Data section:

::::::::

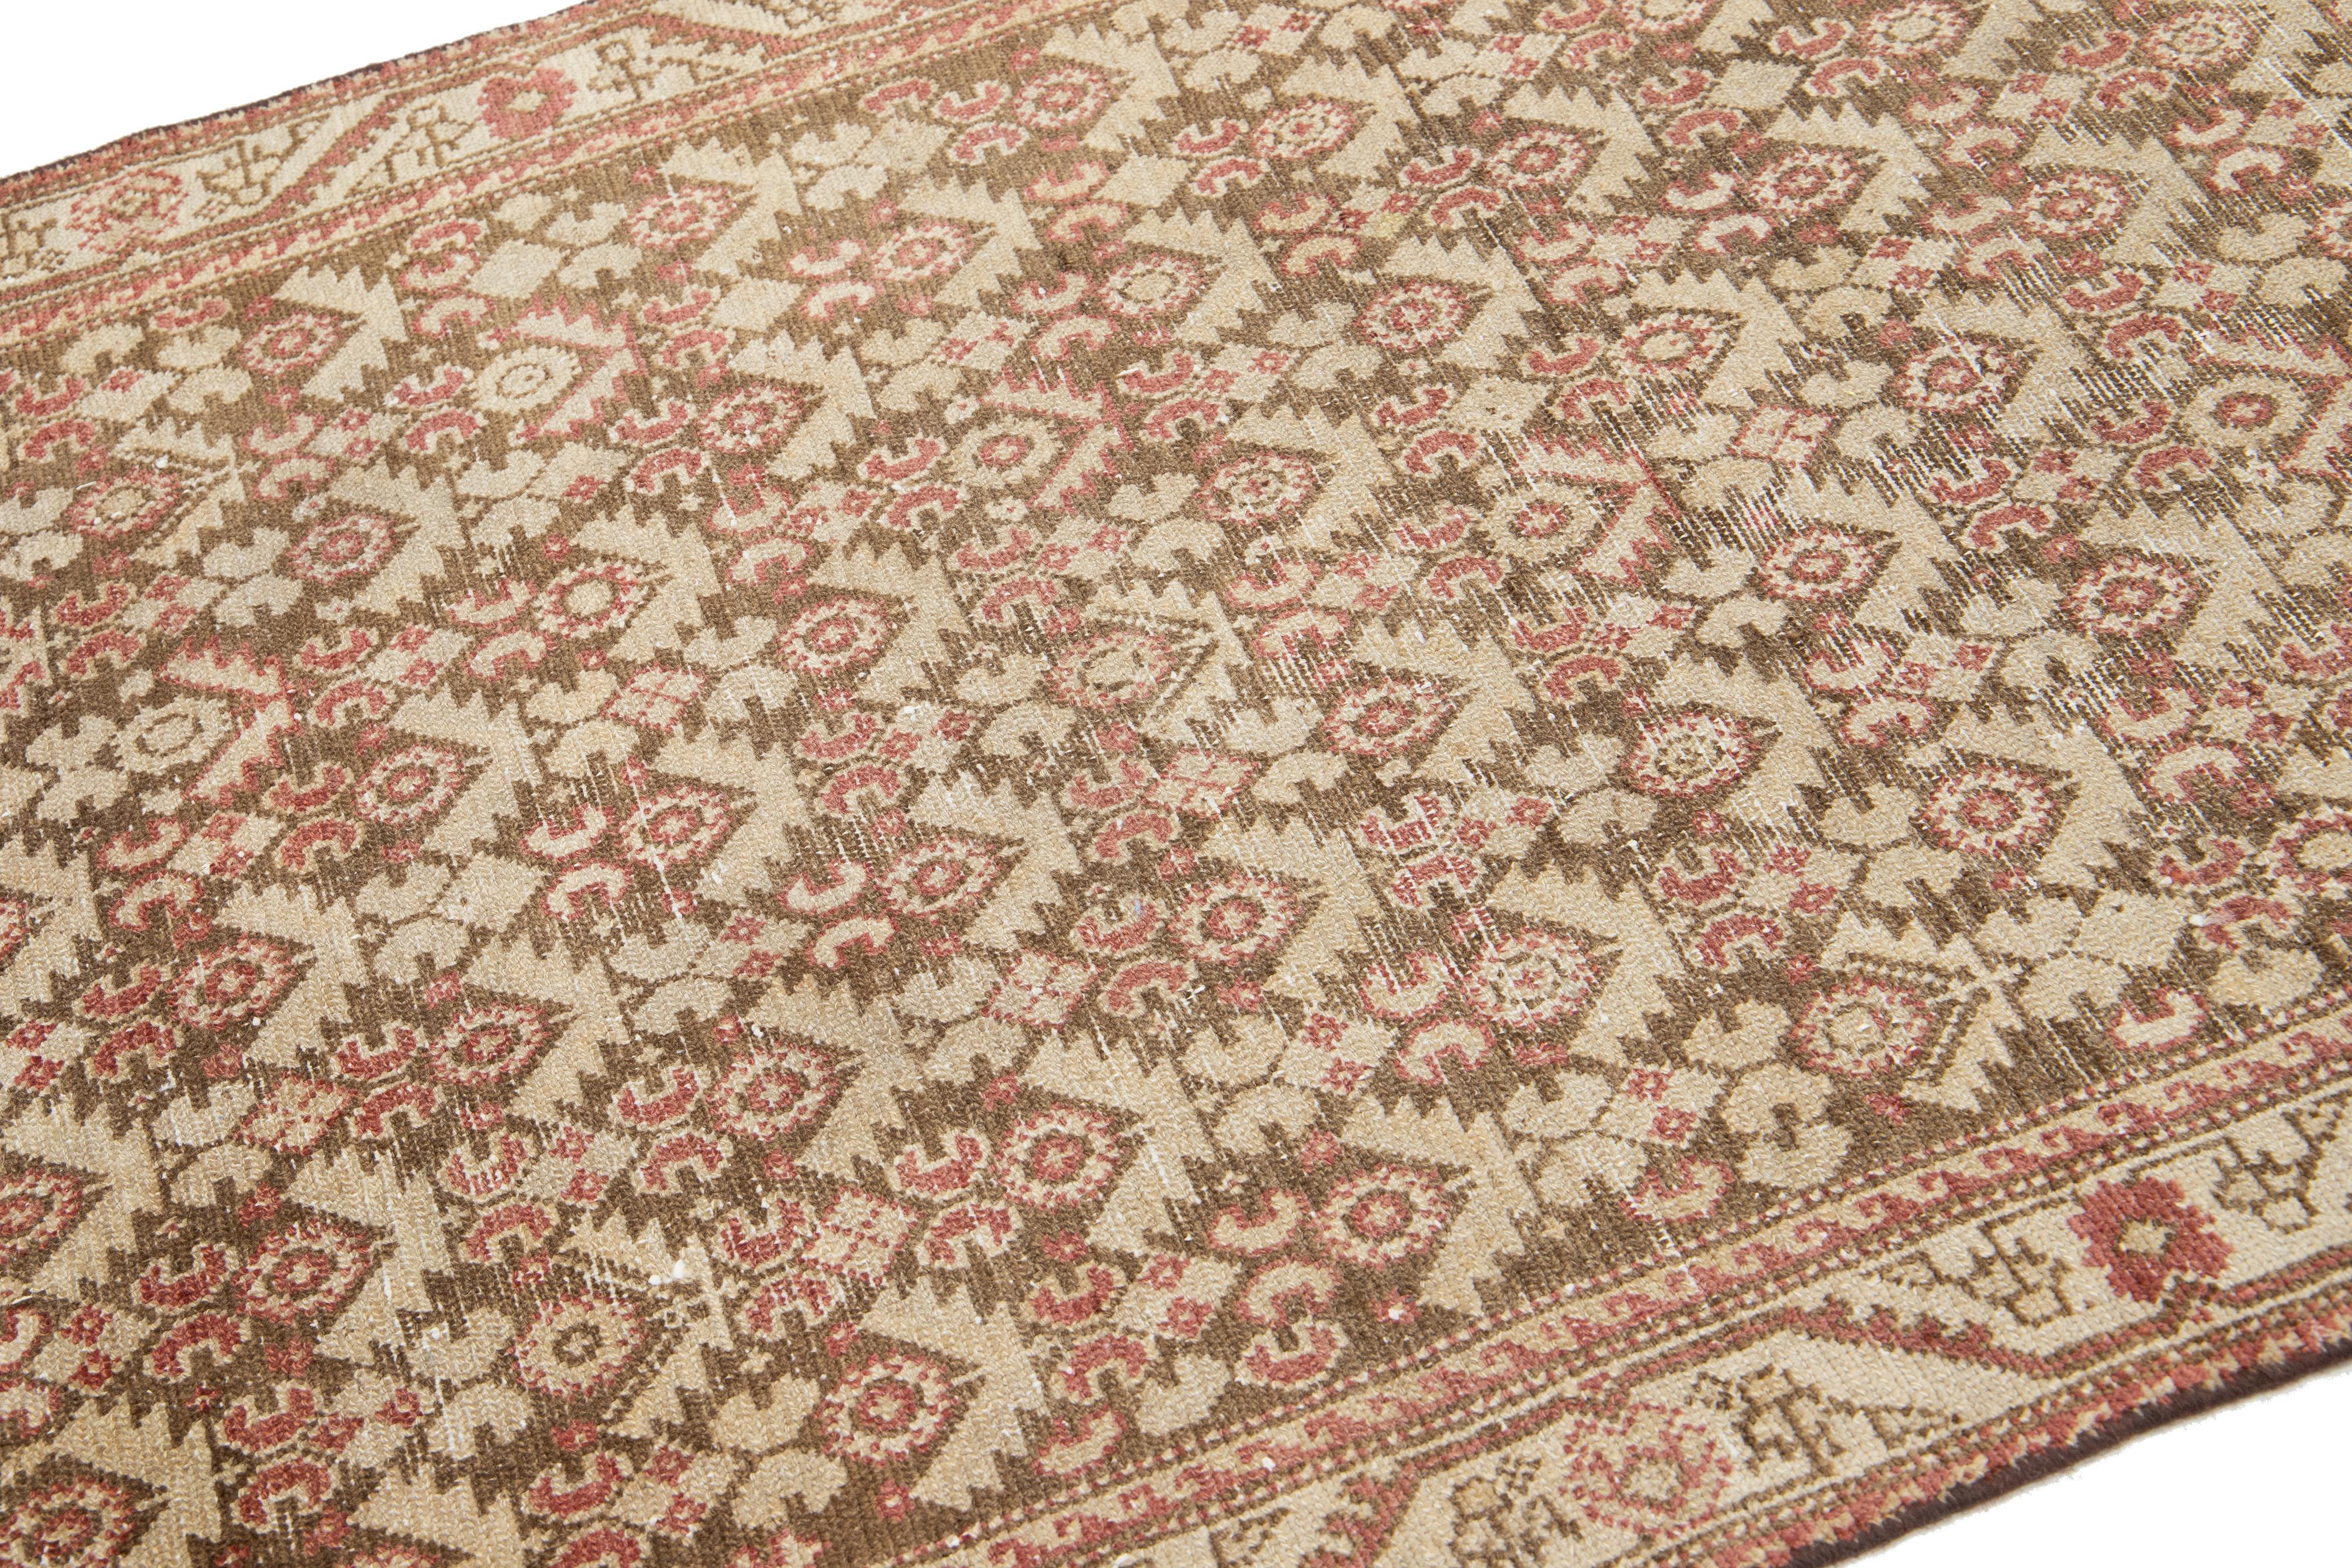 Brown Handmade Persian Malayer Wool Rug with Allover Pattern  In Excellent Condition For Sale In Norwalk, CT
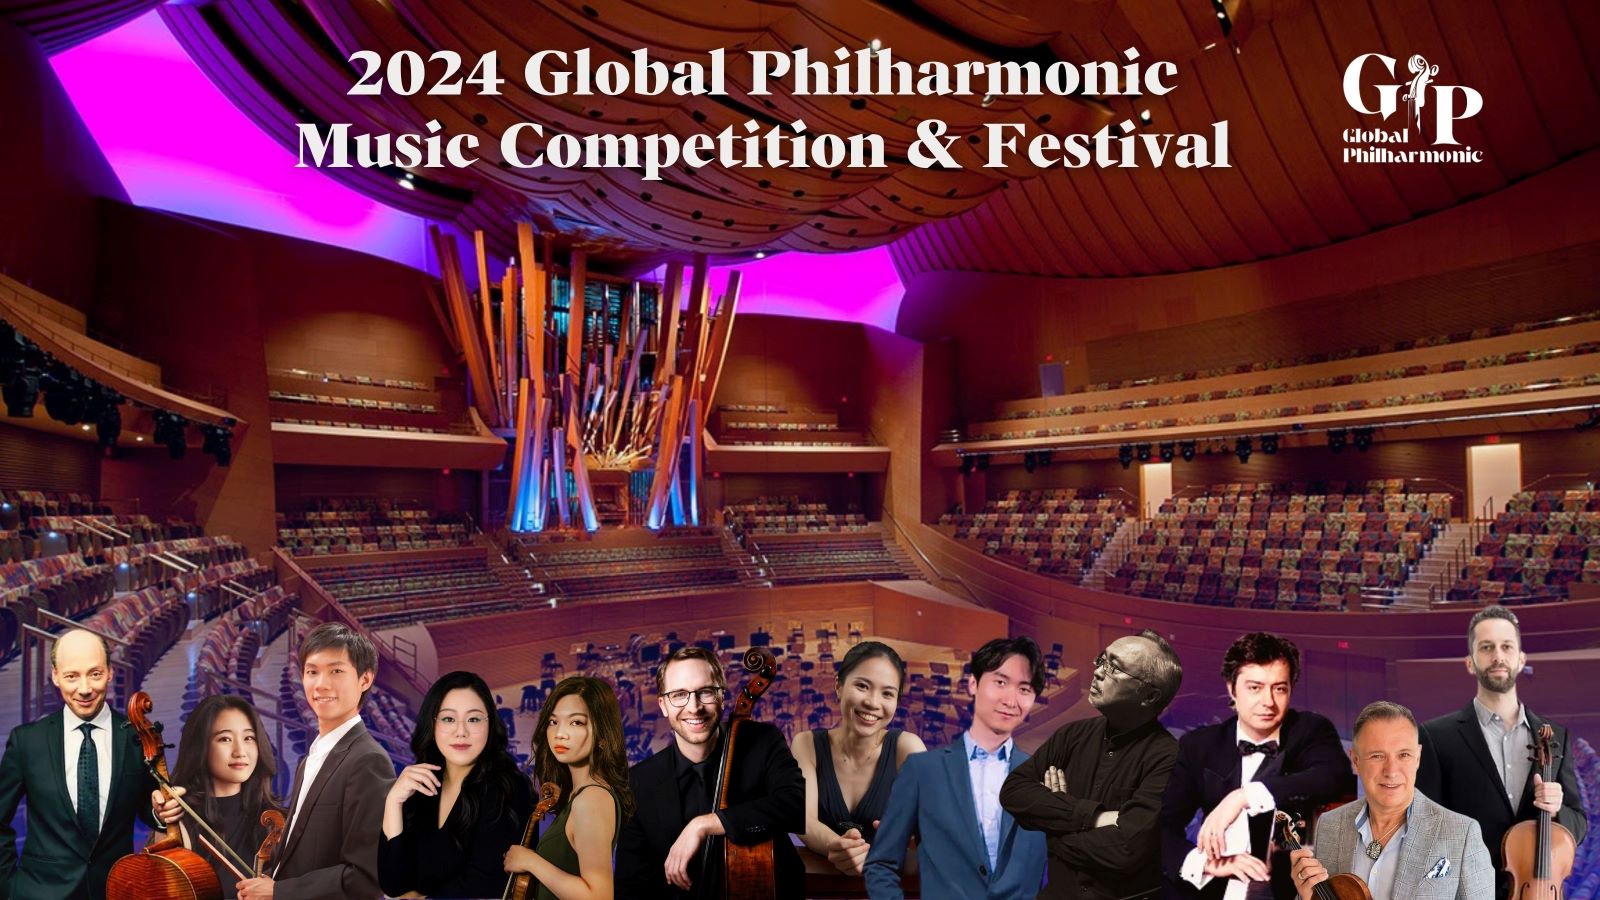 The Royal Foundation of Music and Arts Presents: The Global Philharmonic Music Competition
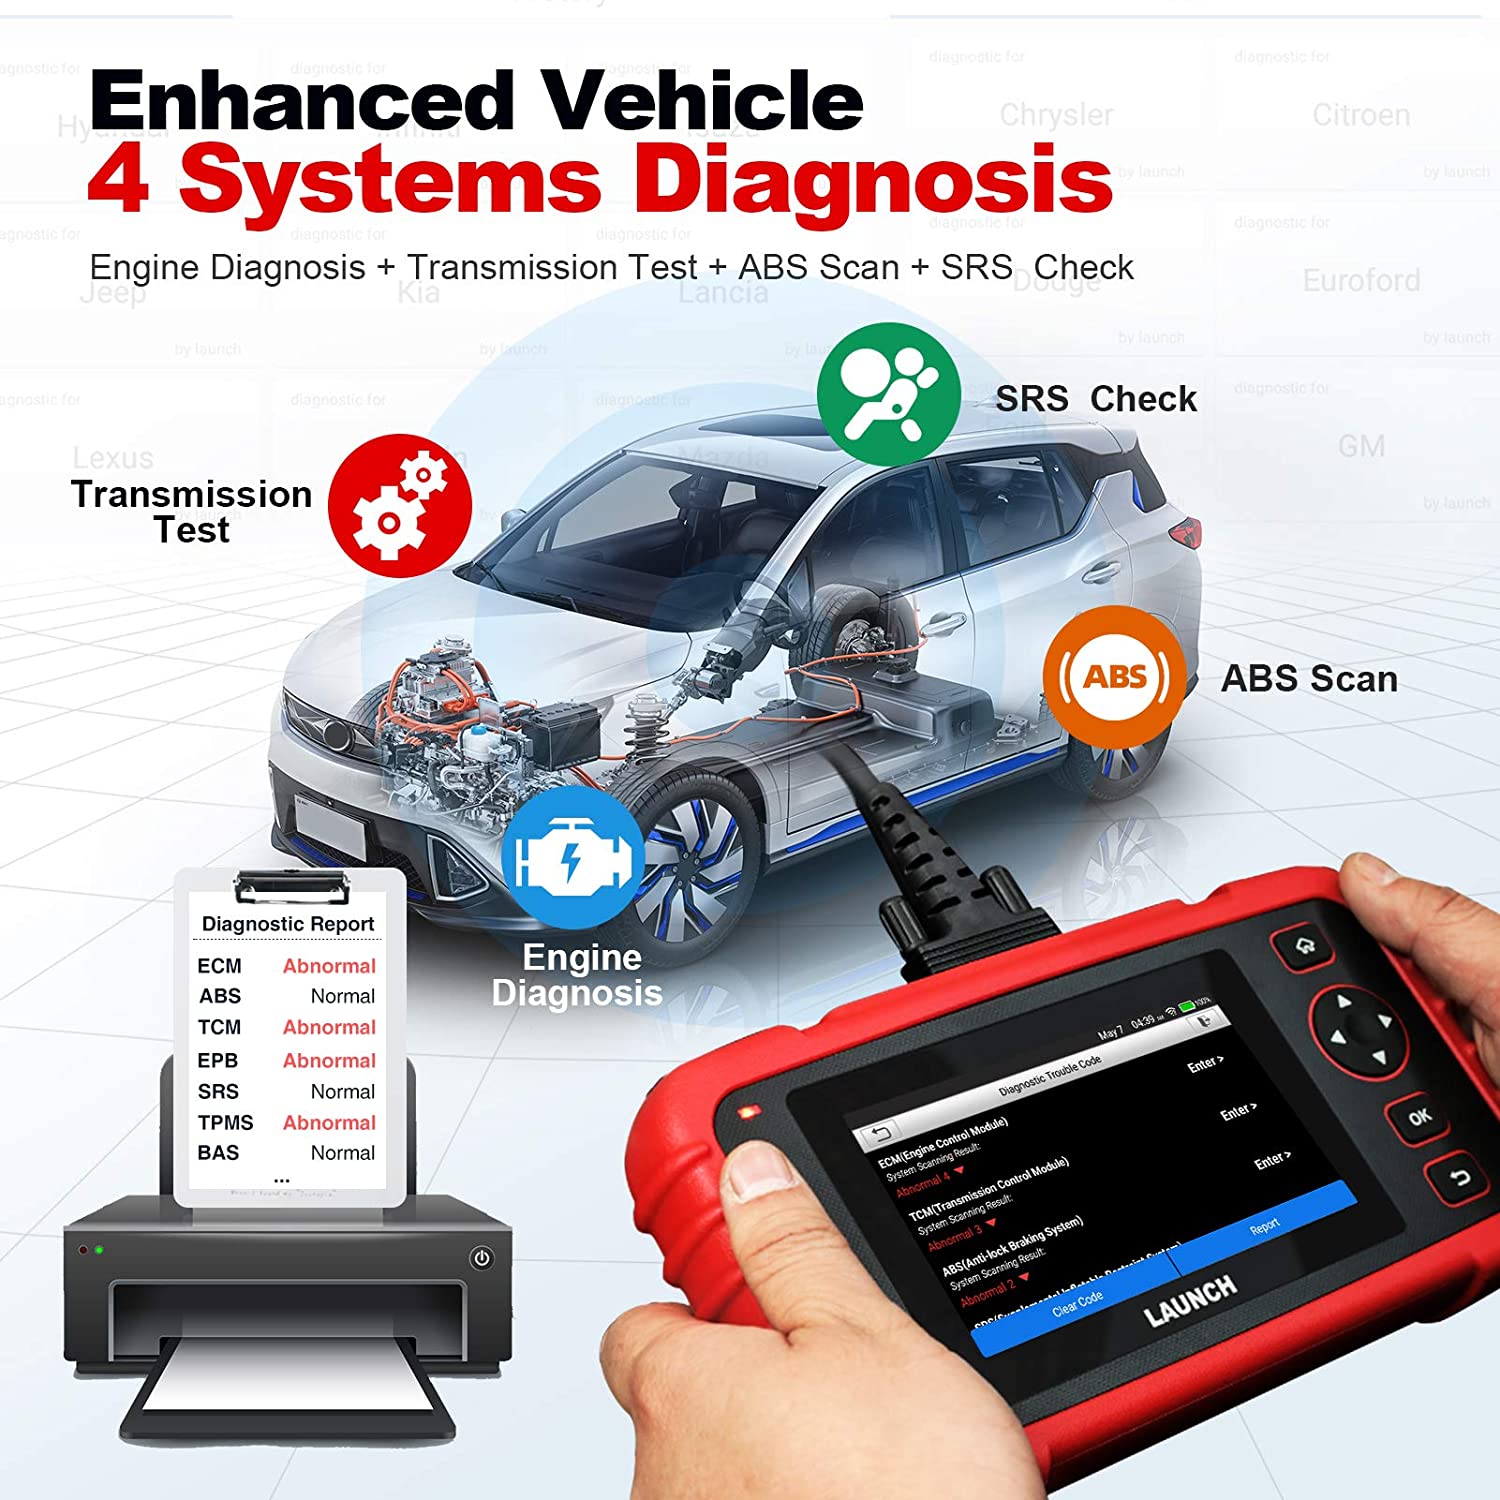 X-431 LAUNCH CRP123X OBD2 Scanner Auto Code Reader Car Diagnostic Tool ENG  AT ABS SRS WIFI Diagnostics Scan OBDII Automotive

::::::::

Word for word, give the listing above again, but drop any pictures.

The answer:
 Brown Handmade Persian Malayer Wool Rug with Allover Pattern  In Excellent Condition For Sale In Norwalk, CT
 The Royal Foundation of Music and Arts Presents: The Global Philharmonic Music Competition
 X-431 LAUNCH CRP123X OBD2 Scanner Auto Code Reader Car Diagnostic Tool ENG  AT ABS SRS WIFI Diagnostics Scan OBDII Automotive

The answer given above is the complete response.